I wonder when this strange mixture of luck and providence will run out.  I wouldn’t mind being lucky and good…but usually I don’t count on either.  When I consider our journey I recognize that there really is no such thing as an expiration of luck or providence.  The deepest depths of frustration and misery that we encountered (which seemed rather unlucky at the time) are rooted now so firmly in our most spectacular rides and relationships.  It was bad luck that gave us headwinds on the Columbia, but that same bad luck that gave us a beautiful tent site on a sandy patch of land in the Gorge.

Sunrise, camping on the Columbia Gorge.

A weekend in Portland brought us time to rest, to eat unheard of amounts of food, to race our Trolls for fun, and to explore what the city had to offer.  We will miss Portland and its roses, its food carts, its bicycles, its swing, and its indelible urban culture.  We’ll be back someday without a doubt.  Yet there is no remorse in leaving, no sense of loss as we once more saddle up and ride towards Bend.  The names and faces will change but I am confident that there will always be a few for whom this goodness that we so enjoy will remain unaltered.

Obscene amounts of exquisite food with the Pfeiffers.

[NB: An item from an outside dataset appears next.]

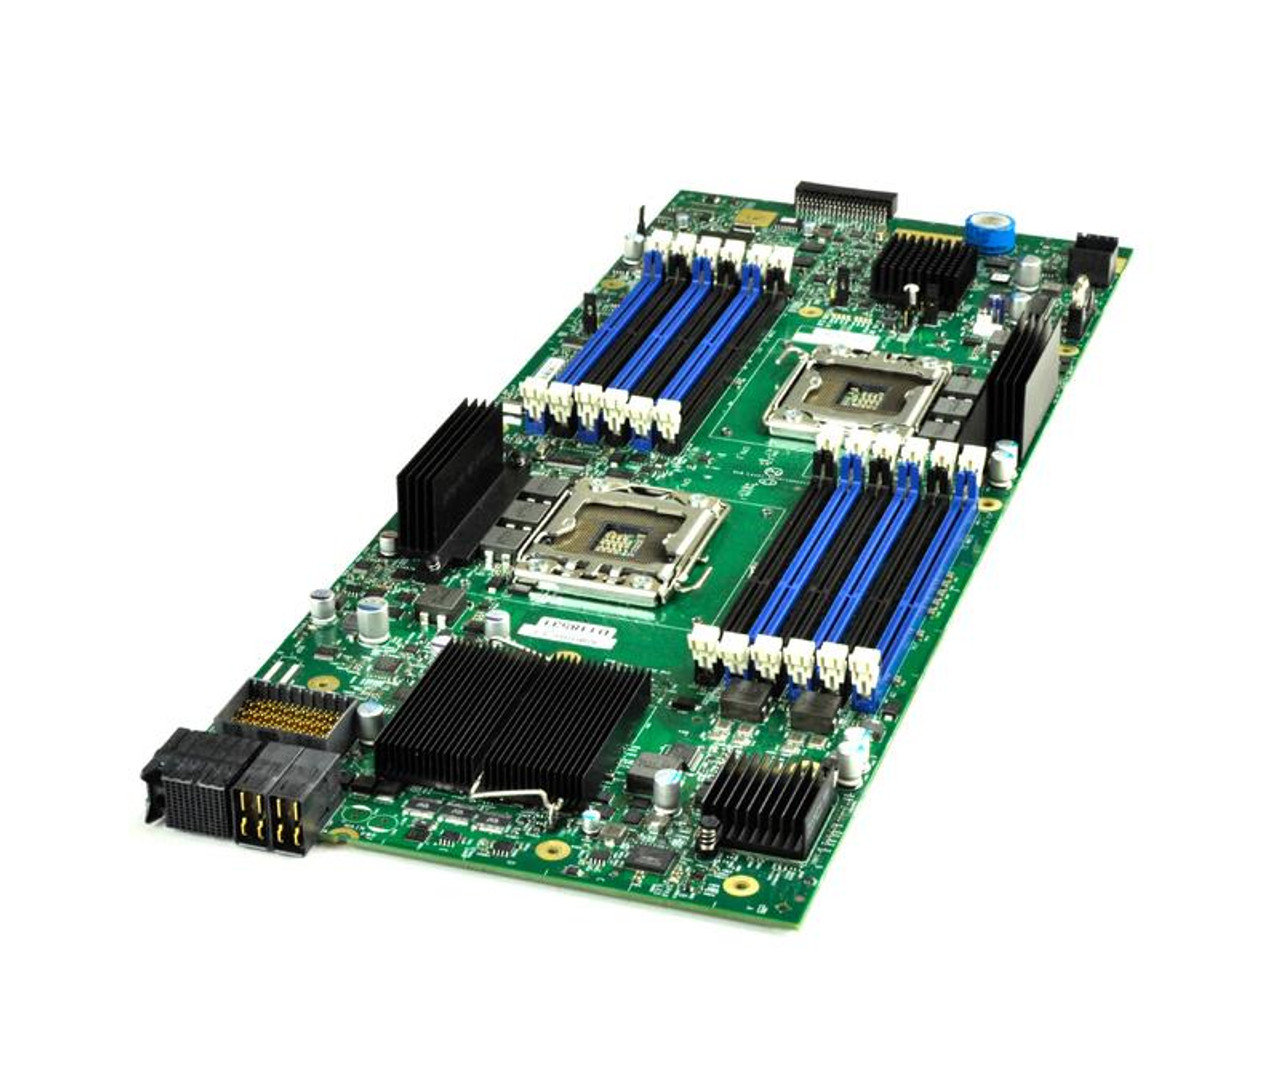 74-7333-02 Cisco System Board (Motherboard) for UCS B200 M2 Server (Refurbished)

If I could offer you one highlight from our  weekend in Portlandia it would be our continuing tradition of doing non-restful things on rest days.  Case in point: cyclocross racing at Cross Crusade here in Portland.  The local ‘cross scene in Portland is arguably the best in the nation and we couldn’t pass up the chance to race and experience the spectacle.  We leave for Bend with just a little bit of fear in our legs but no regrets.  David and Nathan received their initiation to the world of bicycle racing and we all pushed our limits.  Onward through Oregon and on the road once more, Argentina is still very far away.